FAITS ET PROCEDURE Vu l’appel interjeté le 7 décembre 2001 par la société GV CREATIONS d’un jugement rendu le 16 février 2001 par le tribunal de commerce de Paris qui a :

-constaté que la société GV CREATIONS s’est livré à des actes de contrefaçon de dessins et modèles et à la spoliation de droits d’auteur au préjudice de la société I.H.T.,
-condamné la société GV CREATIONS à payer à la société I.H.T. la somme de un franc au titre de la contrefaçon de la console,
-condamné la société GV CREATIONS à payer à la société I.H.T. la somme de 60.000 F au titre de la contrefaçon de la table basse et du bout de canapé,
-débouté la société I.H.T. de sa demande au titre de la concurrence déloyale,
-fait interdiction à la société GV CREATIONS de fabriquer et/ou importer, détenir, offrir en vente et/ou vendre le modèle contrefaisant sous astreinte de 3.000 F par objet mobilier contrefaisant dont la fabrication, l’importation, la détention, l’offre en vente et/ou la vente aura pu être constatée dix jours après la signification du jugement,
-dit que cette astreinte sera limitée à une durée de deux mois à compter de la signification du jugement,
-ordonné la destruction de tous les meubles contrefaisants en possession de la société GV CREATIONS, dix jours à compter de la signification du jugement,
-ordonné la publication du jugement dans trois journaux périodiques aux frais de la société GV CREATIONS et au choix de la société I.H.T. sans que le coût de chaque insertion ne puisse excéder la somme de 10.000 F TTC,
-débouté les parties du surplus de leurs demandes,
-condamné la société GV CREATIONS à payer à la société I.H.T. la somme de 15.000 F sur le fondement de l’article 700 du nouveau Code de procédure civile ; Vu les dernières écritures signifiées le 24 janvier 2003 par lesquelles la société GV CREATIONS, poursuivant la réformation du jugement entrepris, demande à la Cour de :

-constater la nullité du dépôt de modèle N° 500 193 pour défaut de nouveauté et déclarer la société I.H.T. irrecevable en son action,
-dire nulle la saisie-contrefaçon diligentée le 17 janvier 2000,
-débouter la société I.H.T. de l’ensemble de ses prétentions, fins et conclusions.

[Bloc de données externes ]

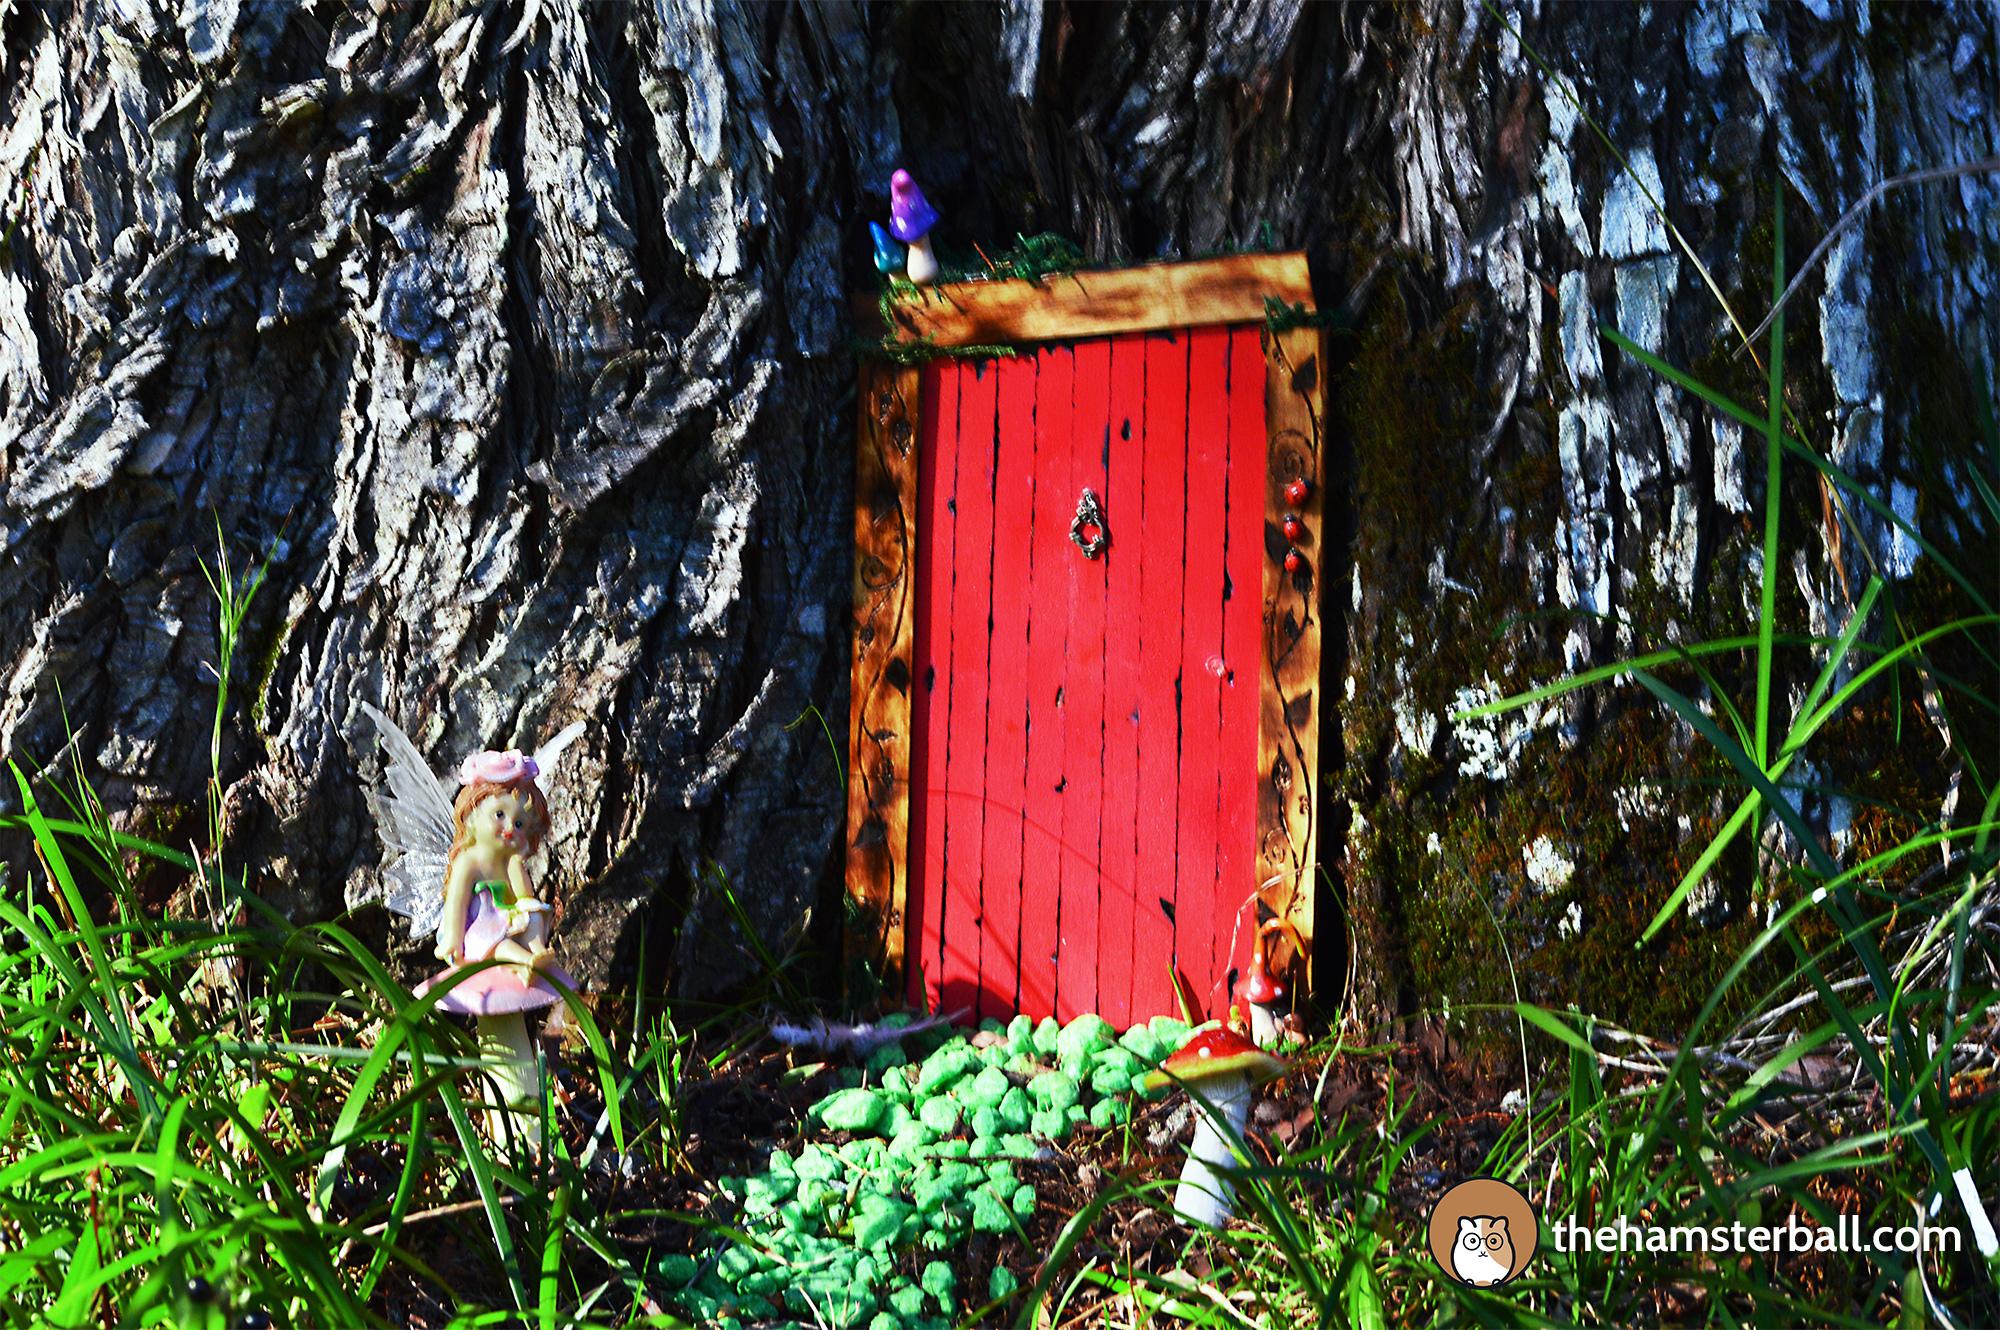 The Fudge Shop, Springbrook, Eco Sensitive, environment, red door, tree, fairy, mushroom
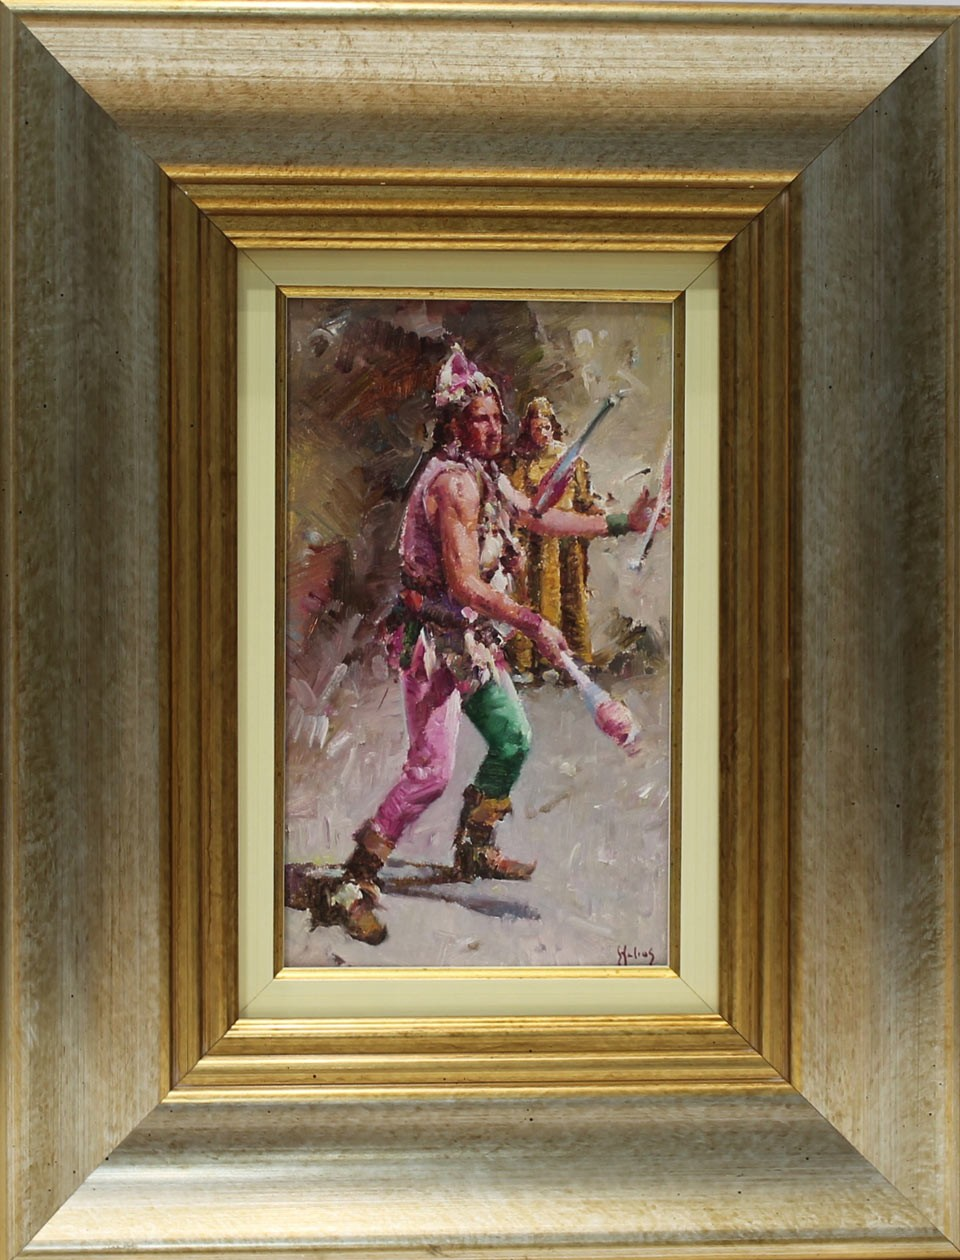 Helios Gisbert: Figura de arlequín

-condamner la société I.H.T. à lui verser la somme de 10.000 euros à titre de dommages- intérêts pour procédure abusive compte tenu du caractère intrinsèquement non- protégeable du modèle sur le fondement duquel l’action est engagée et celle de 5.000 euros au titre de l’article 700 du nouveau Code de procédure civile ; Vu les dernières conclusions signifiées le 6 février 2003 aux termes desquelles la société I.H.T. sollicite la confirmation du jugement déféré en ce qu’il a déclaré la société GV CREATIONS responsable d’actes de contrefaçon de dessins et modèles et de droits d’auteur à son préjudice et son infirmation pour le surplus, demandant à la Cour de :

— condamner la société GV CREATIONS à lui payer la somme de 45.734, 70 euros à titre de dommages-intérêts,
-préciser que l’astreinte dont est assortie la mesure d’interdiction ne sera pas limitée dans le temps et d’en réserver la liquidation,
-condamner la société GV CREATIONS à lui verser la somme de 3.049 euros sur le fondement de l’article 700 du nouveau Code de procédure civile.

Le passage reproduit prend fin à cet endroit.